I started out with the idea of making one of those dense, seed-filled 'German' loaves, but somehow things changed along the way. First off, I came back with a bag of mixed cereal flakes from my local wholefood store (oats, wheat, barley, rye, malted corn) and some sunflower seeds, together with a bag of 'semi-wholemeal flour' (whatever that means). Then I opened the fridge and found my wonderful starter staring at me reproachfully, so I ditched the idea of using instant yeast and went back to sourdough. And finally I cast around on the net for recipes but didn't find anythng I liked, so decided to adapt my own. Surprisingly enough, it came out quite close to my original intention: dense and moist without being heavy, and packed with flavour.

Makes 2 medium-sized loaves


100g mixed cereal flakes (see above)
200g warm water

200g sourdough starter (60% hydration)
200g wholemeal flour
200g white flour
300g warm water
10g salt
50g sunflower seeds

  1. Weigh the cereal flakes into a bowl, cover with 200g of warm water and set aside. After 10 minutes, strain the cereal flakes in a colander and squeeze out any excess water. Measure 300g of warm water into a large bowl, add the sourdough starter to it, break the starter into very small pieces and mix thoroughly so that there are no lumps. Add the wholemeal and white flour, strained cereal flakes, salt and sunflower seeds to the wet starter mixture, and mix very well with a spoon until it comes together.
  2. With the dough still in the bowl, stretch and fold it, leave to rest for 15 minutes (placing the bowl inside a plastic bag), then stretch and fold three more times, leaving a 15 minute interval each time. Put the bowl back inside the plastic bag and leave to rest for an hour.
  3. Oil two medium-sized loaf tins very thoroughly.
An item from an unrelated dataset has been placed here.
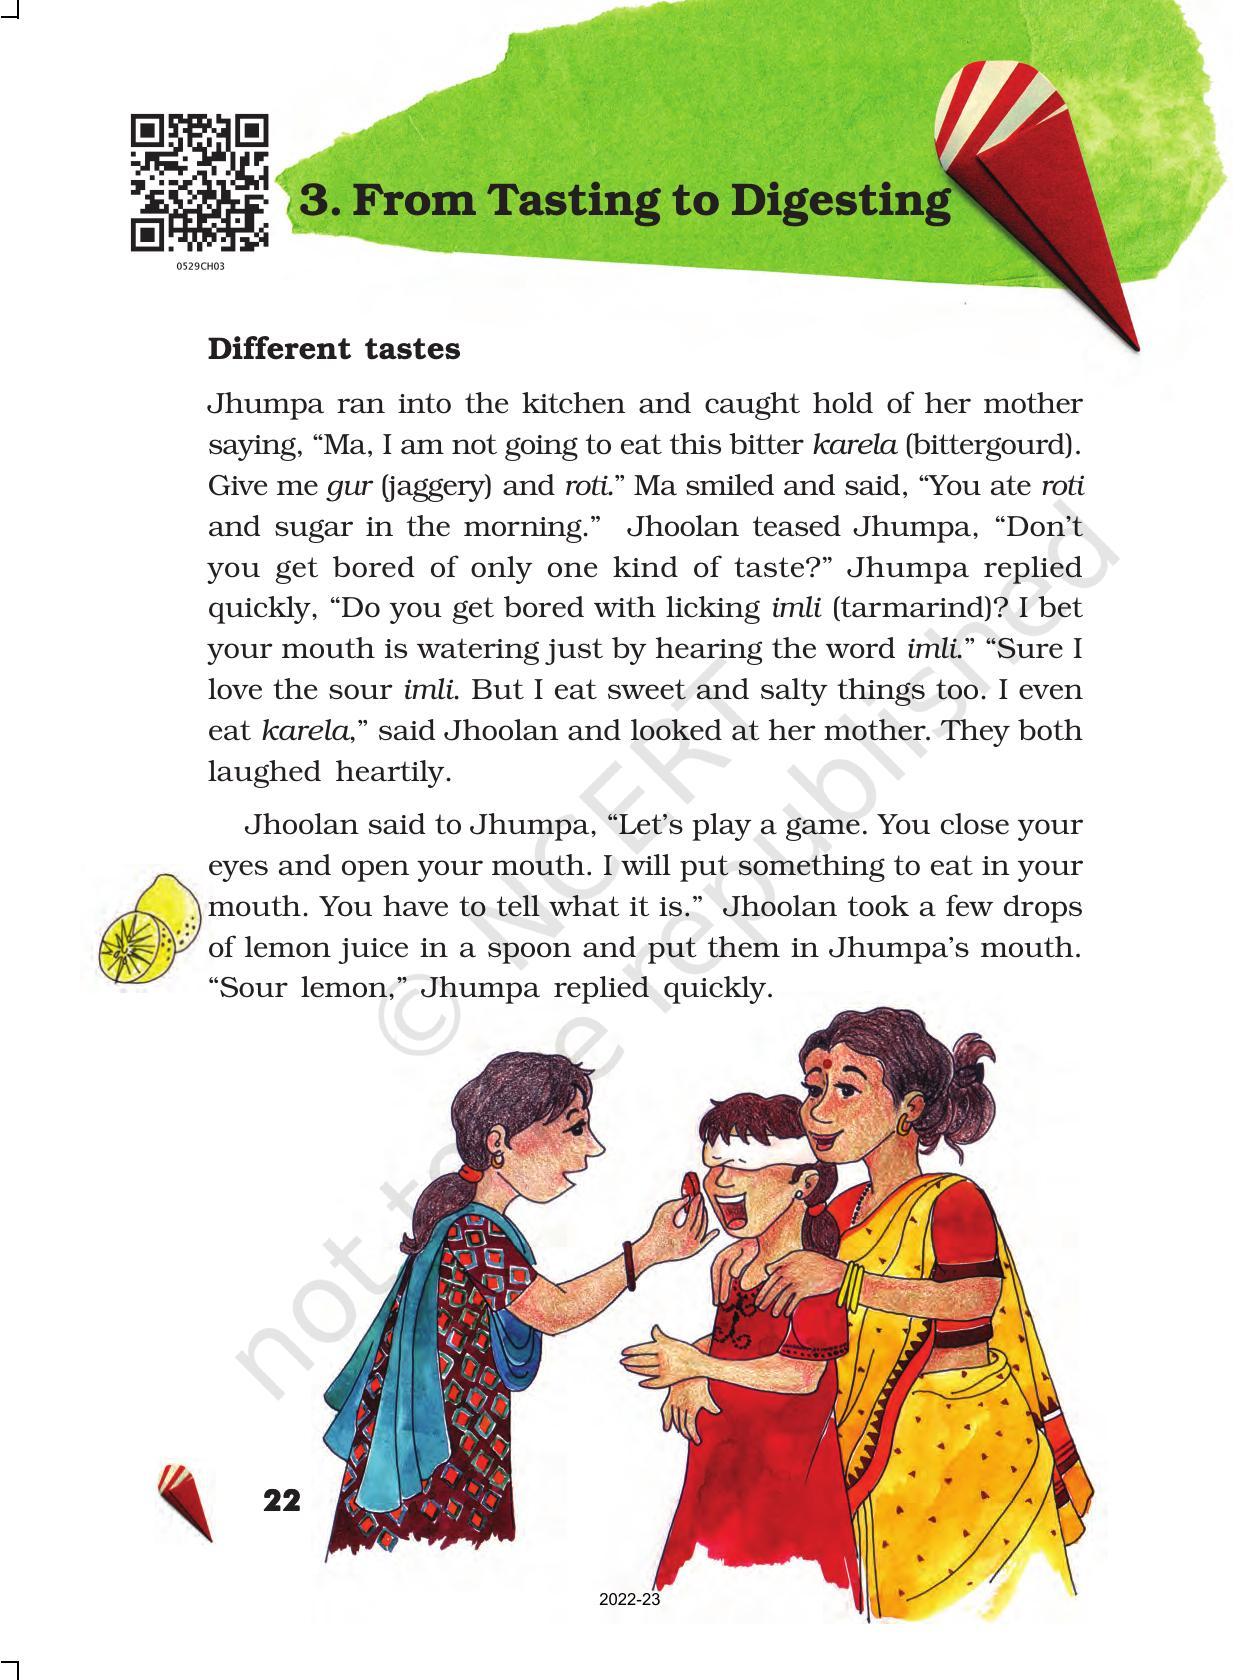 NCERT Book for Class 5 EVS Chapter 3 From Tasting to Digesting - Page 1

Turn the dough out onto a floured surface and divide in half. Flatten each piece out into a rough rectangle, then form into a loaf by stretching and folding into the centre. Once you have a nice loaf shape, transfer to the tin. Repeat with the other piece, then place the tins inside a large plastic bag and leave to prove for about 4 hours at room temperature, until doubled in size. (See photo.) An hour before your loaves are due to finish proving, set the oven to 240oC.
  4. Remove the loaf tins from the bag, slash the loaves  lengthwise with a sharp knife or lame, open the oven and spray it with plenty of water, transfer the loaf tins to the oven and close the door. After 10 minutes, reduce the heat to 220oC, and bake for a further 25 minutes until the loaves are nice and brown. Remove loaves from oven, turn out of tins and leave to cool on a wire rack. (See photo.)
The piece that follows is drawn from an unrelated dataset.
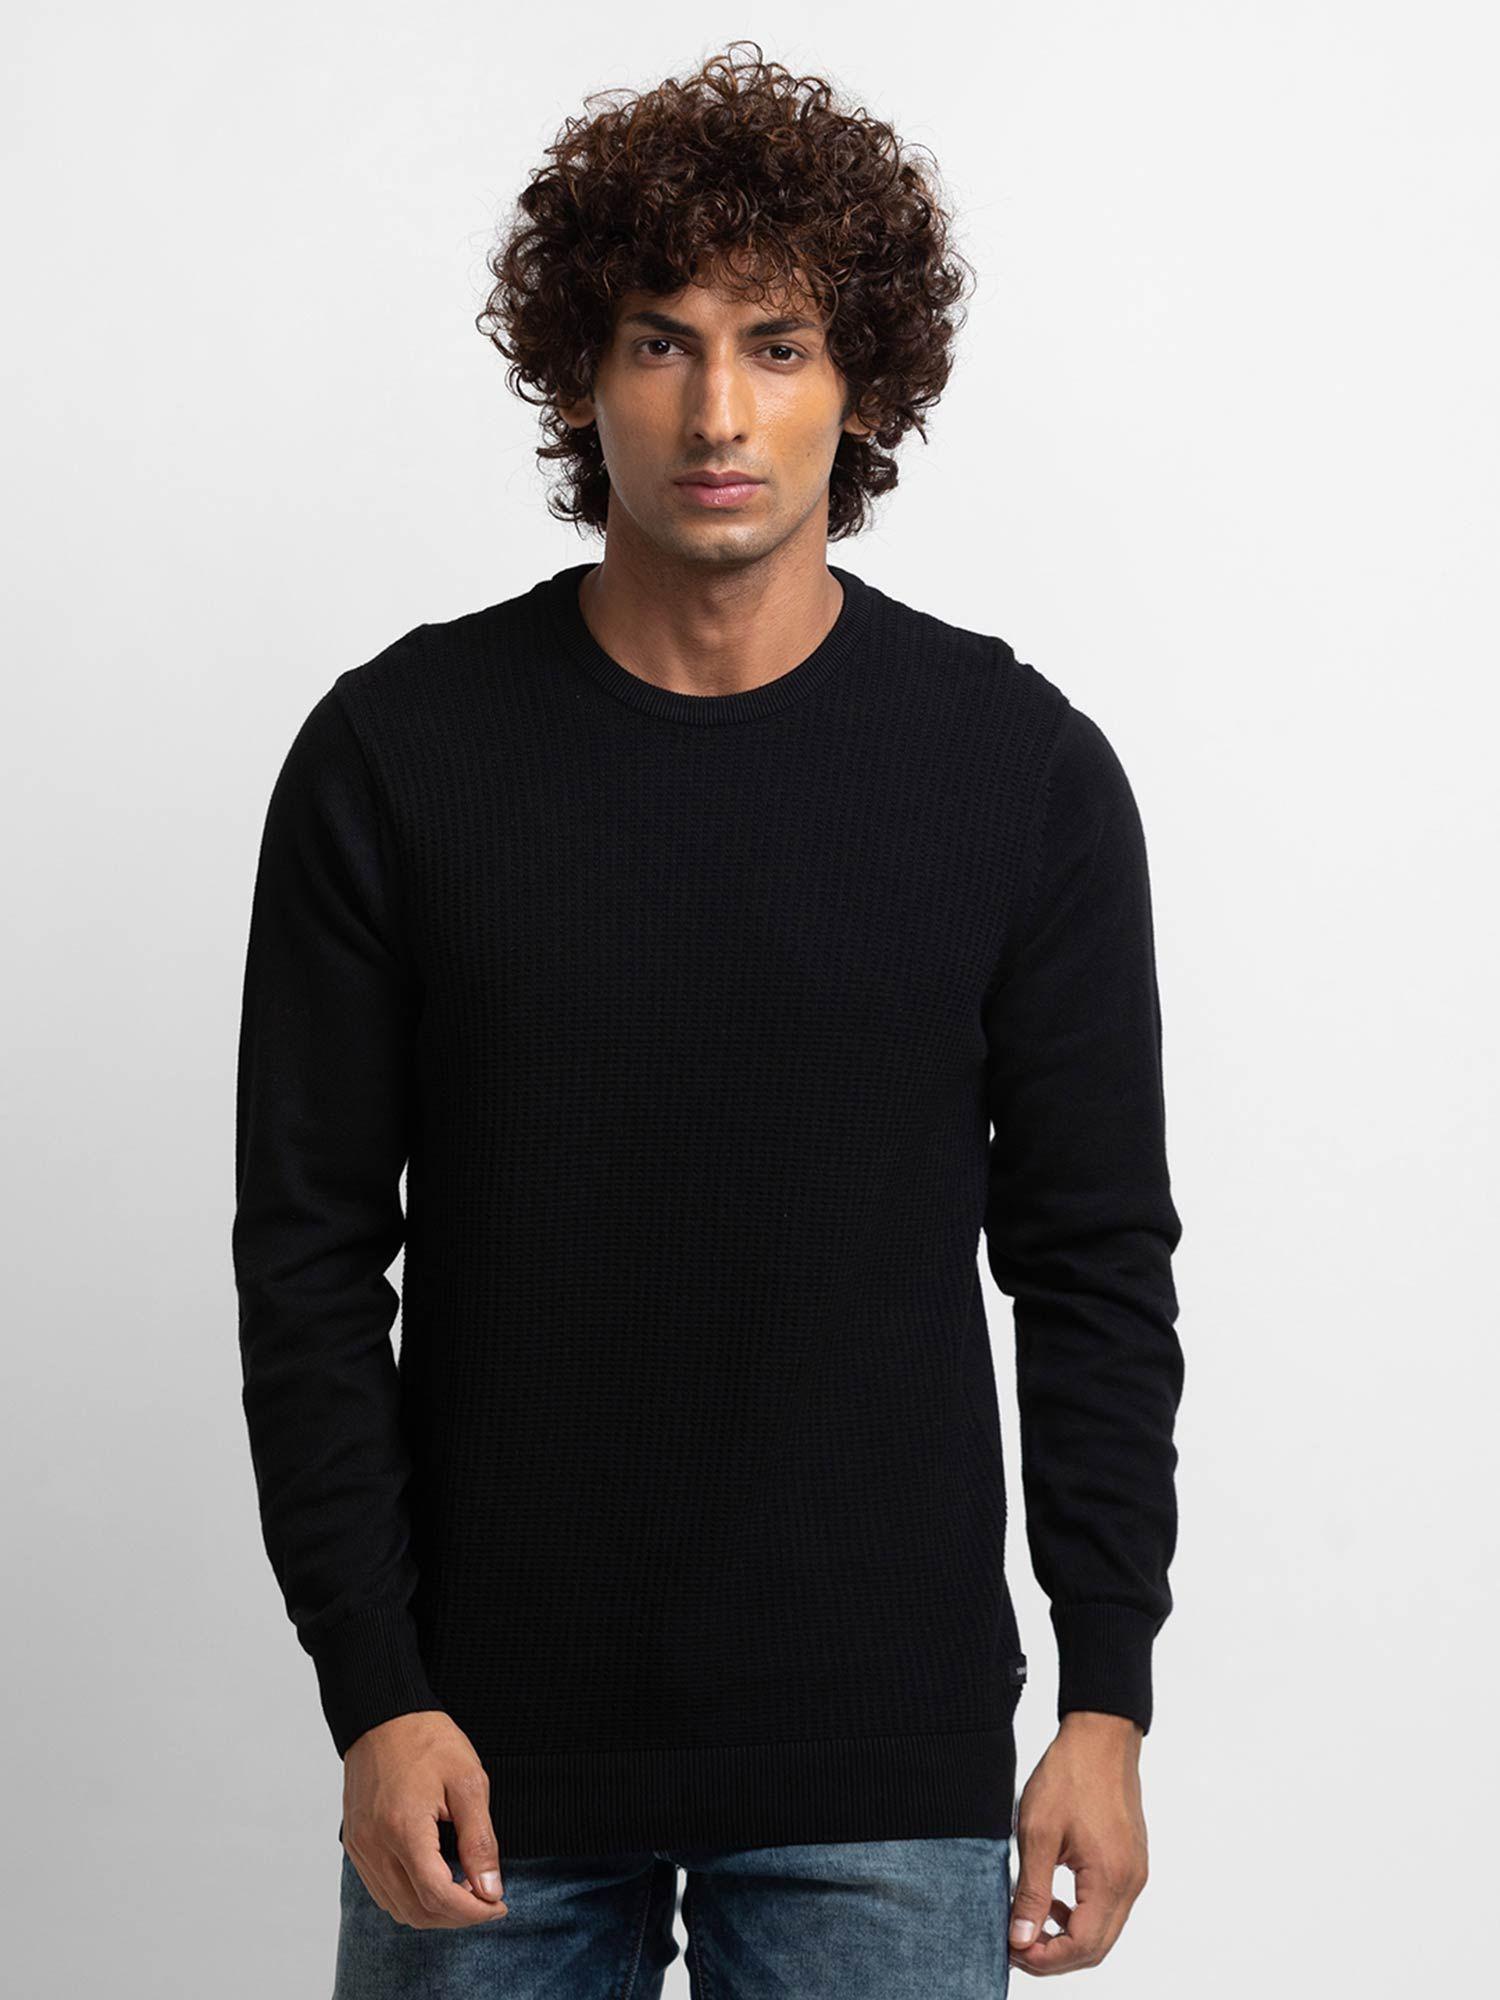 black-cotton-full-sleeve-casual-sweater-for-men

dough with cereal incorporated

shaped loaves in tin

risen loaves ready for oven

baked loaves

I really enjoyed making these. I've spent a good few months mastering my sourdough and learning how to work with wetter dough (high hydration, for us bread techies), and it was very satisfying to be able to apply what I've learned by coming up with something quite different. The underlying dough is the same, but I changed the type of flour, added cereals and seeds, had to come up with a pre-soaking technique and baked in tins to create a denser loaf. I was worried it would all end in disaster, but the end result, though I say it myself, was a triumph! Hurrah. (And now back to that translation whose deadline just crept a bit closer while I was skiving off in the kitchen.)